Cassette 5, side A, 07/29/01 (ca. 47 min.). Theresa Dickinson speaks with Jeff Friedman about performing at Minnie's Can-Do Jazz Club; a work for the collective group Tumbleweed titled Spintex; her new work titled Control/Remote, and her belief that improvisation is the most intense form of realism; the San Francisco artists' space The Farm, the performance groups who worked there and the increasingly divisive politics; her move to the country and teaching at Sonoma State University; the birth of two sons; being fired from the job at Sonoma State and returning to San Francisco.
Cassette 5, side B, 07/29/01 (ca. 45 min.). Theresa Dickinson speaks with Jeff Friedman about the difficult readjustment to life in San Francisco; an agreement with Christopher Beck about teaching his classes at New College; her pleasure in the non-professional students that the class attracts; making a work titled Moment to midnight, which was based on the myth of Demeter and Persephone, with direct acknowledgment of the death of Arnie Zane; formalizing the teaching arrangement at New College; establishing a group called Zaza, specializing in aerial work, with Maica Folch, a circus trapeze artist; the men who are attracted to rope work.
Cassette 6, side A, 07/29/01 (ca. 45 min.). [The sound quality of this cassette is poorer than the others.
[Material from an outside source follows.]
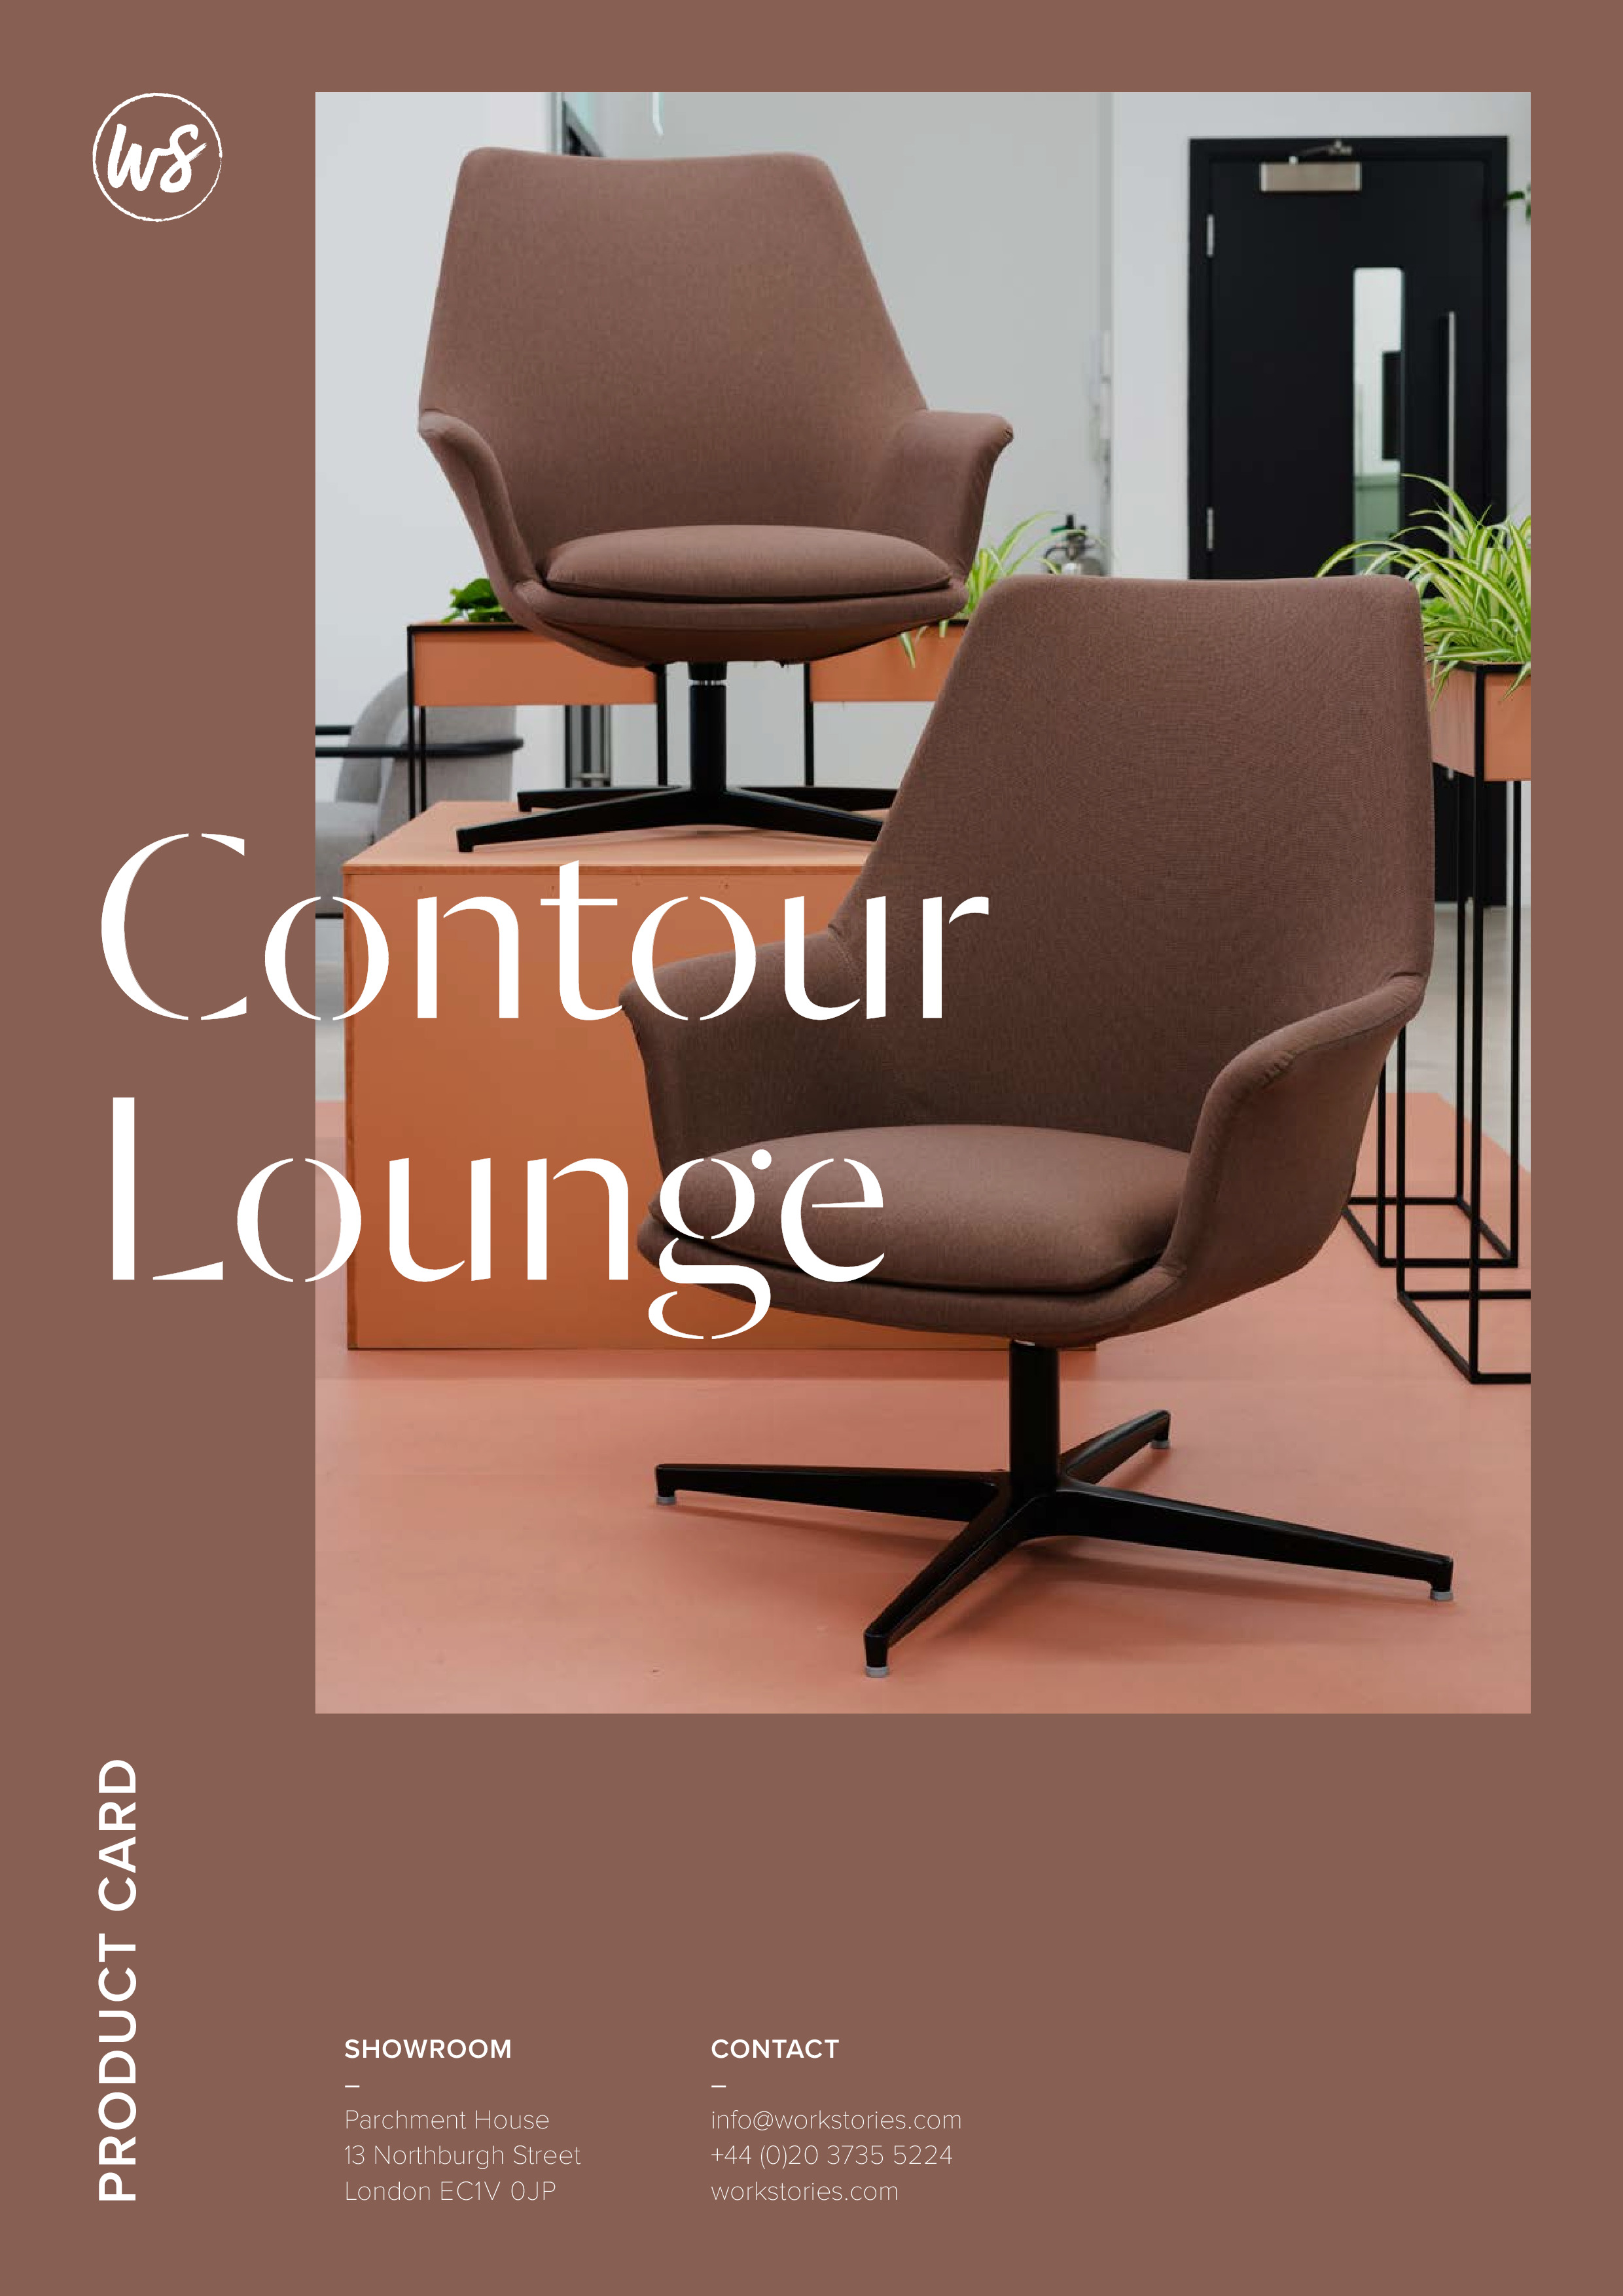 WS - Contour Lounge - Product card

There is an echo because the speakers have moved away from the microphones.] Theresa Dickinson speaks with Jeff Friedman about her invitation to be one of twelve U.S. performing artists to work with a theater group in Poland; their plans for a production of the Greek drama Phaedra; the escalating disagreements with the director of the group and her decision to leave Poland after ten weeks; the collision of her expectations with reality; the honored place of the arts in Poland, also the repressions in individual lives, especially for women; Friedman reads from a review of a Twyla Tharp performance, and Dickinson attempts to respond.
Cassette 6, side B, 07/29/01 (ca. 44 min.). [The sound quality of the first 20 minutes of side B is similar to side A, but the remaining 25 minutes are almost inaudible.] Theresa Dickinson speaks with Jeff Friedman about how, as a young child she learned that everything always changes, and that one survives by riding the change; later, she learned from Merce Cunningham and John Cage that conscious action can be ineffective, and their techniques for how to do less; contrasts Tharp's imposition of formality in her works with her belief in the importance of survival without formality; briefly speaks about filmmaker Bob Yahraus; reminisces about Lucas Hoving. [The spoken interview changes to a movement dialogue as Dickinson and Friedman dance together for ca. 15 minutes. Squeaks of feet on the floor, whoops, audible respiration and brief exchanges of words that are unclear mark this section.] The interview concludes with Dickinson's remarks about Margy [Margaret] Jenkins; memories of other dancers who, unlike herself, are tall; and Tharp's stories of when she danced in Paul Taylor's company and how he diminished her roles to the vanishing point.